● ABOUT THIS TASK
Once the images are set aside, return every entry exactly.
☆ ☆ ☆ ☆
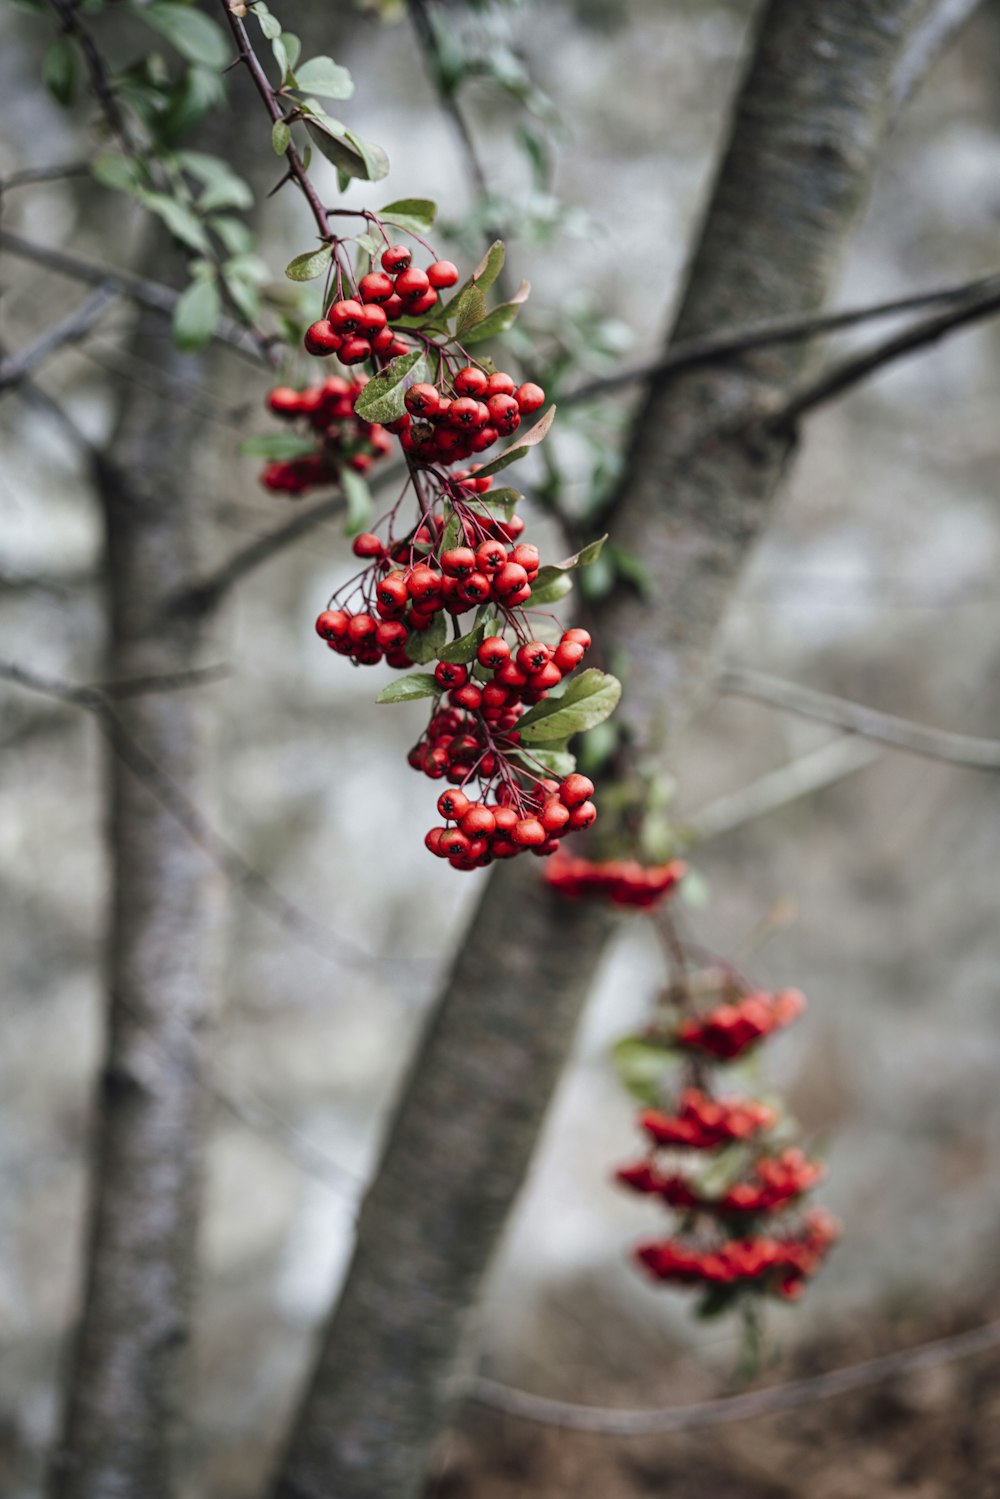 red and green round fruits on tree branch
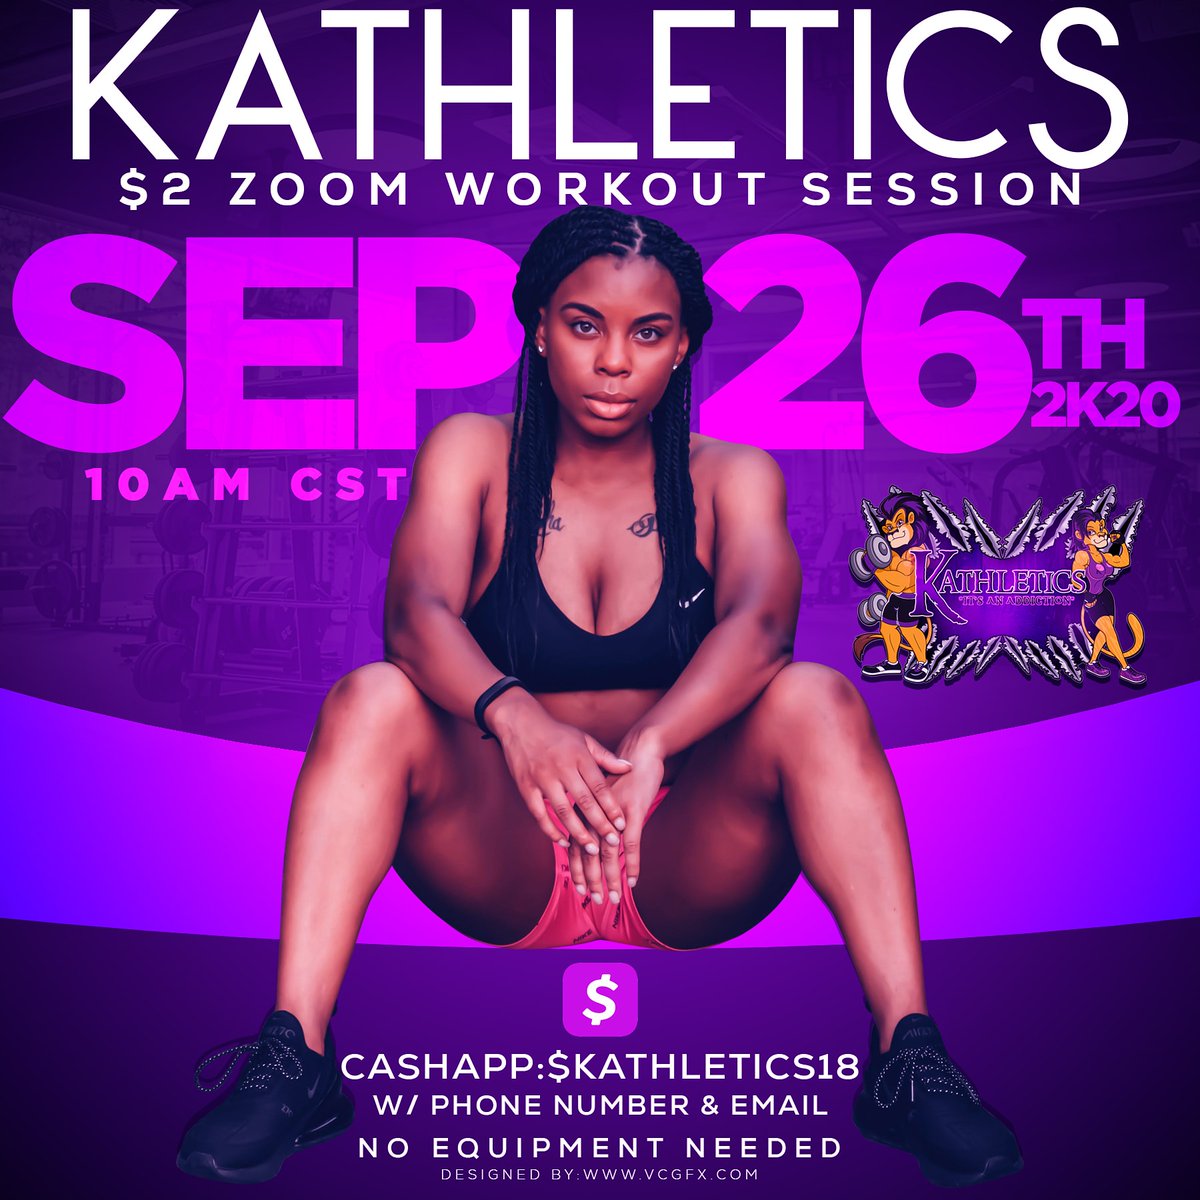 Get your Body Snatched for $2!!🏋🏾‍♀️ Join Kathletics via Zoom Saturday, September 26th at 10:00am CST. 💪🏾 NO EQUIPMENT NEEDED!

#Kathletics #BodyByKat #Fitness #PersonalTrainer #BlackPersonalTrainer #Exercise #workout #OnlineWorkouts
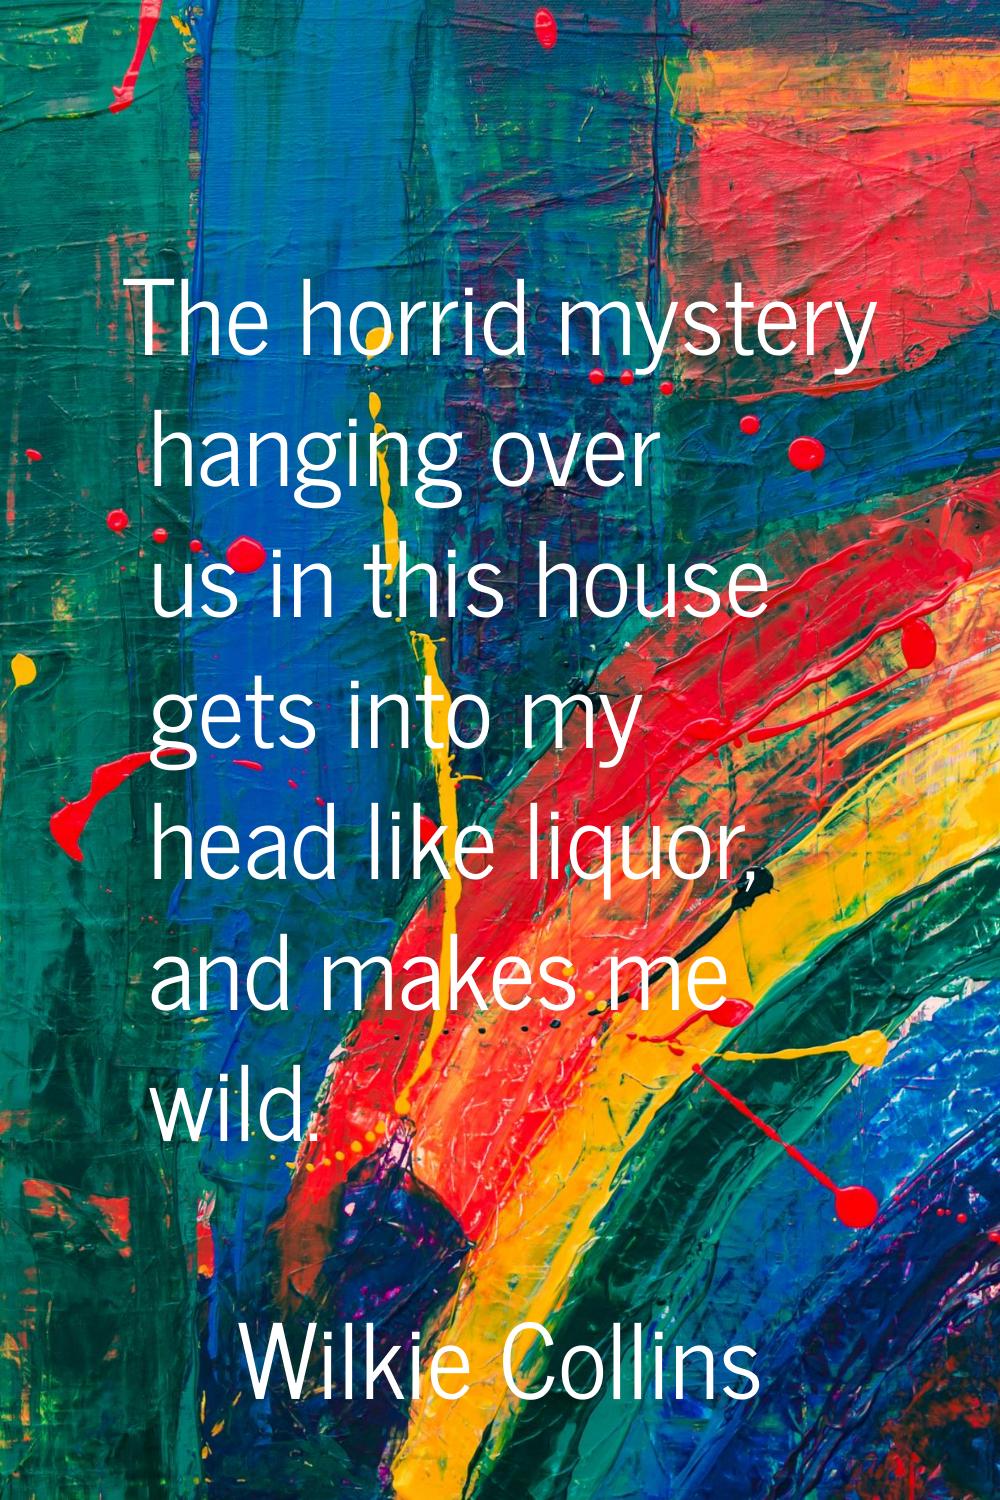 The horrid mystery hanging over us in this house gets into my head like liquor, and makes me wild.
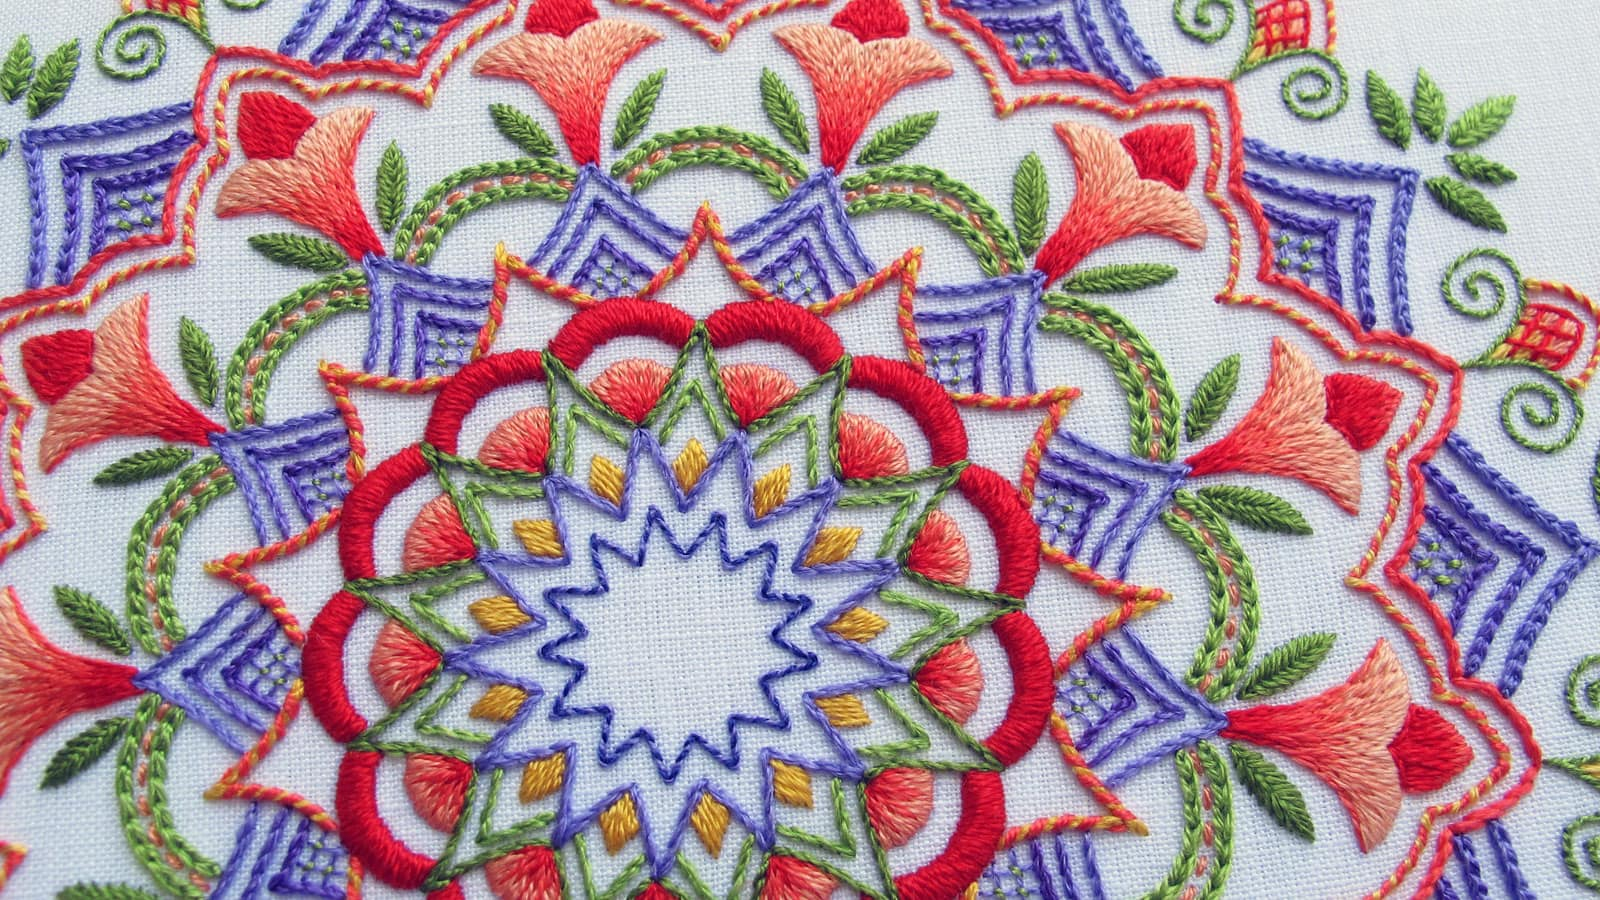 Jacobean Embroidery Patterns Needlenthread Tips Tricks And Great Resources For Hand Embroidery
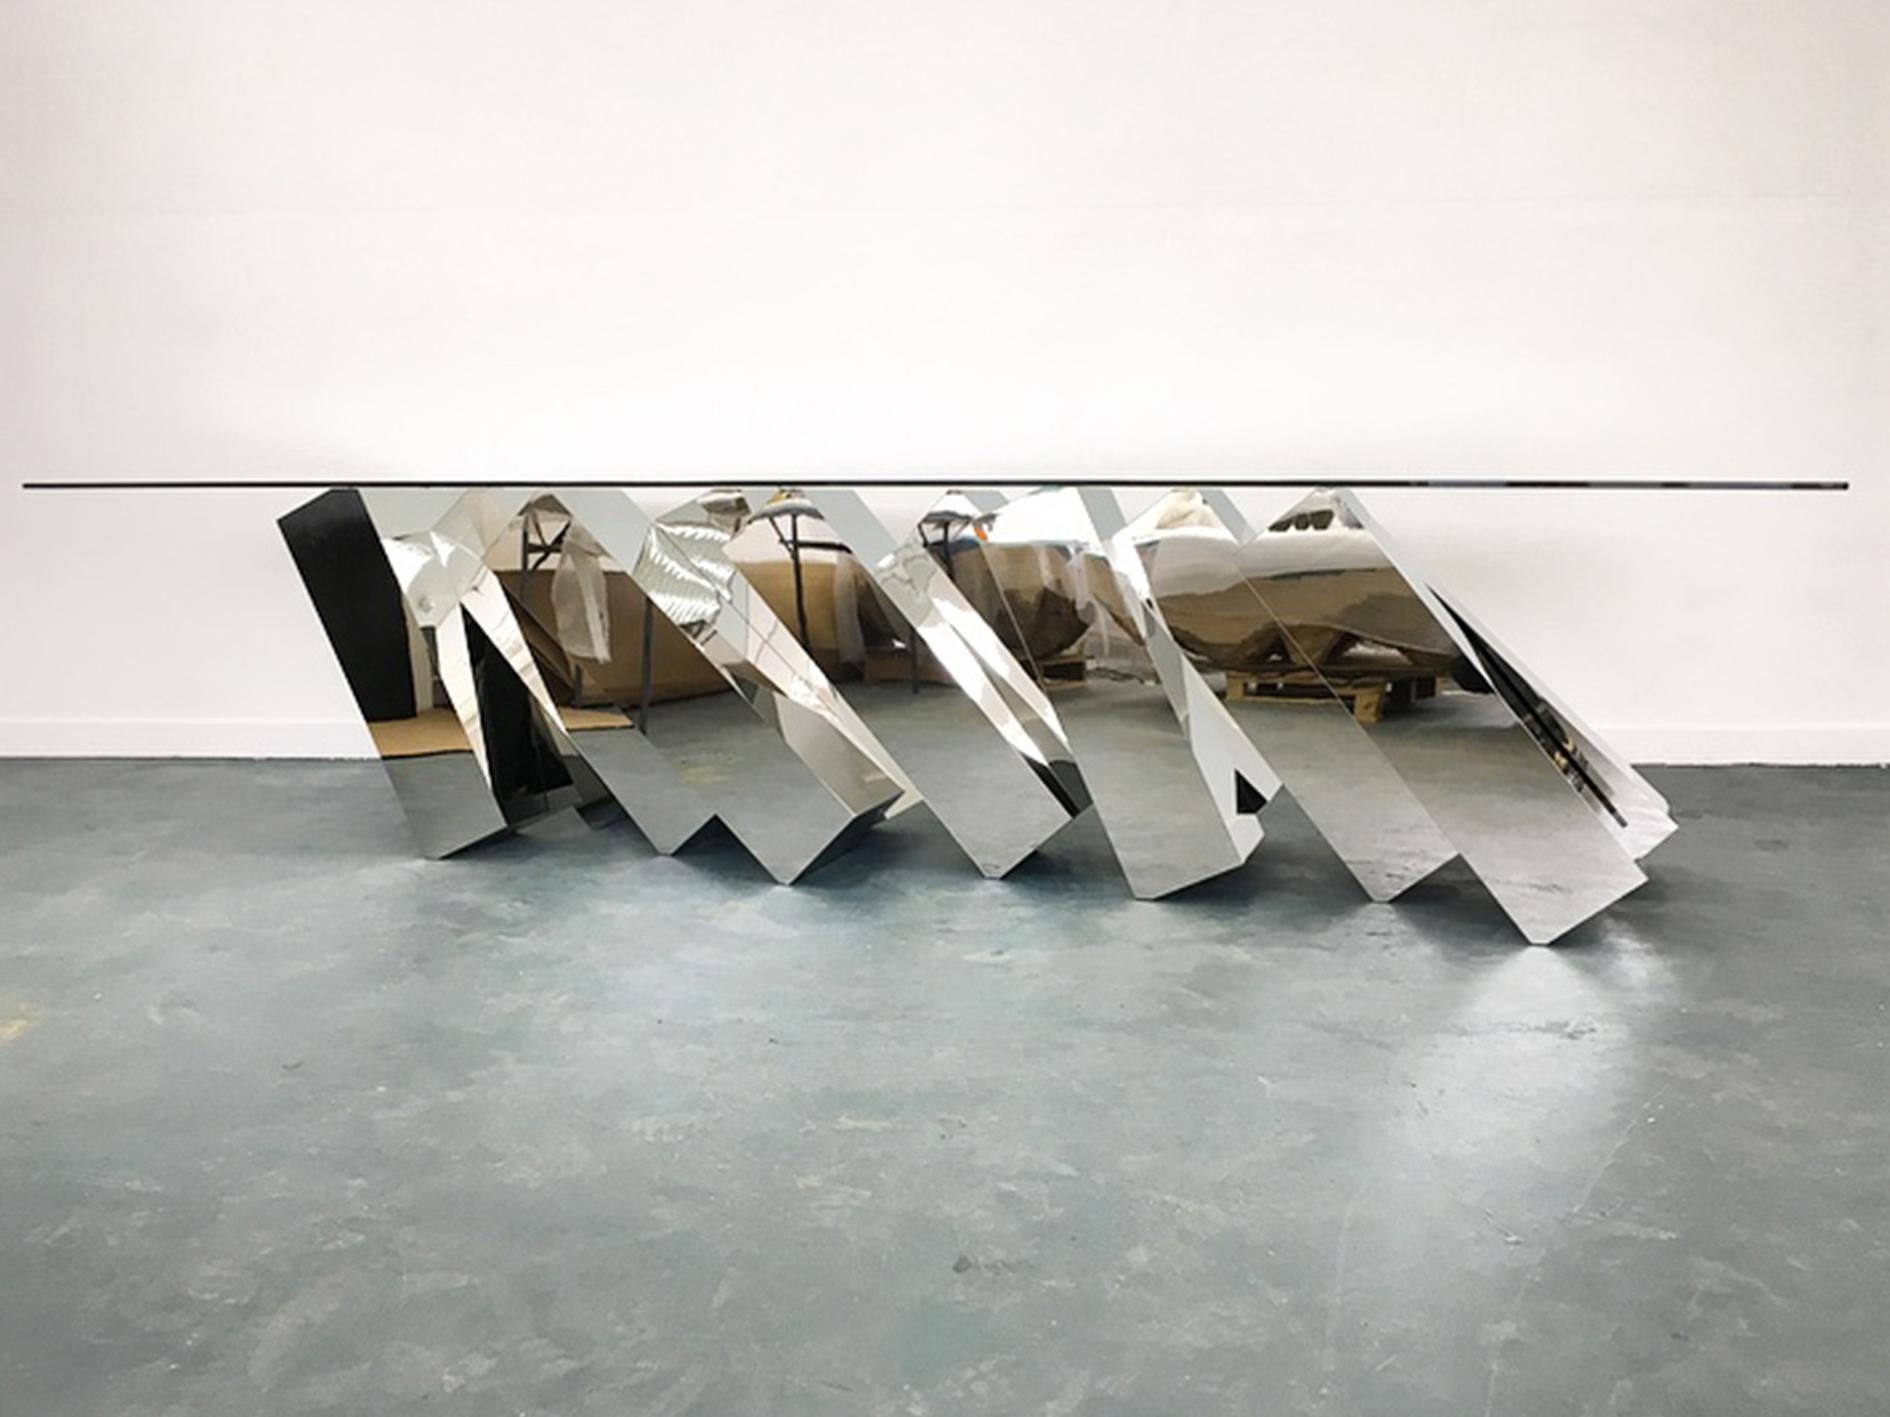 With its glass table balancing miraculously on top of a series toppling, mirror-polished monoliths, Duffy London’s mind-boggling creation appears to defy the laws of physics by remaining in a permanent state of impending collapse.

The monolithic
☆ ☆ ☆ ☆
● PROBLEM SOLUTION
 red and green round fruits on tree branch
 Get your Body Snatched for $2!!🏋🏾‍♀️ Join Kathletics via Zoom Saturday, September 26th at 10:00am CST. 💪🏾 NO EQUIPMENT NEEDED!

#Kathletics #BodyByKat #Fitness #PersonalTrainer #BlackPersonalTrainer #Exercise #workout #OnlineWorkouts
 The horrid mystery hanging over us in this house gets into my head like liquor, and makes me wild.
 Jacobean Embroidery Patterns Needlenthread Tips Tricks And Great Resources For Hand Embroidery
 With its glass table balancing miraculously on top of a series toppling, mirror-polished monoliths, Duffy London’s mind-boggling creation appears to defy the laws of physics by remaining in a permanent state of impending collapse.

The monolithic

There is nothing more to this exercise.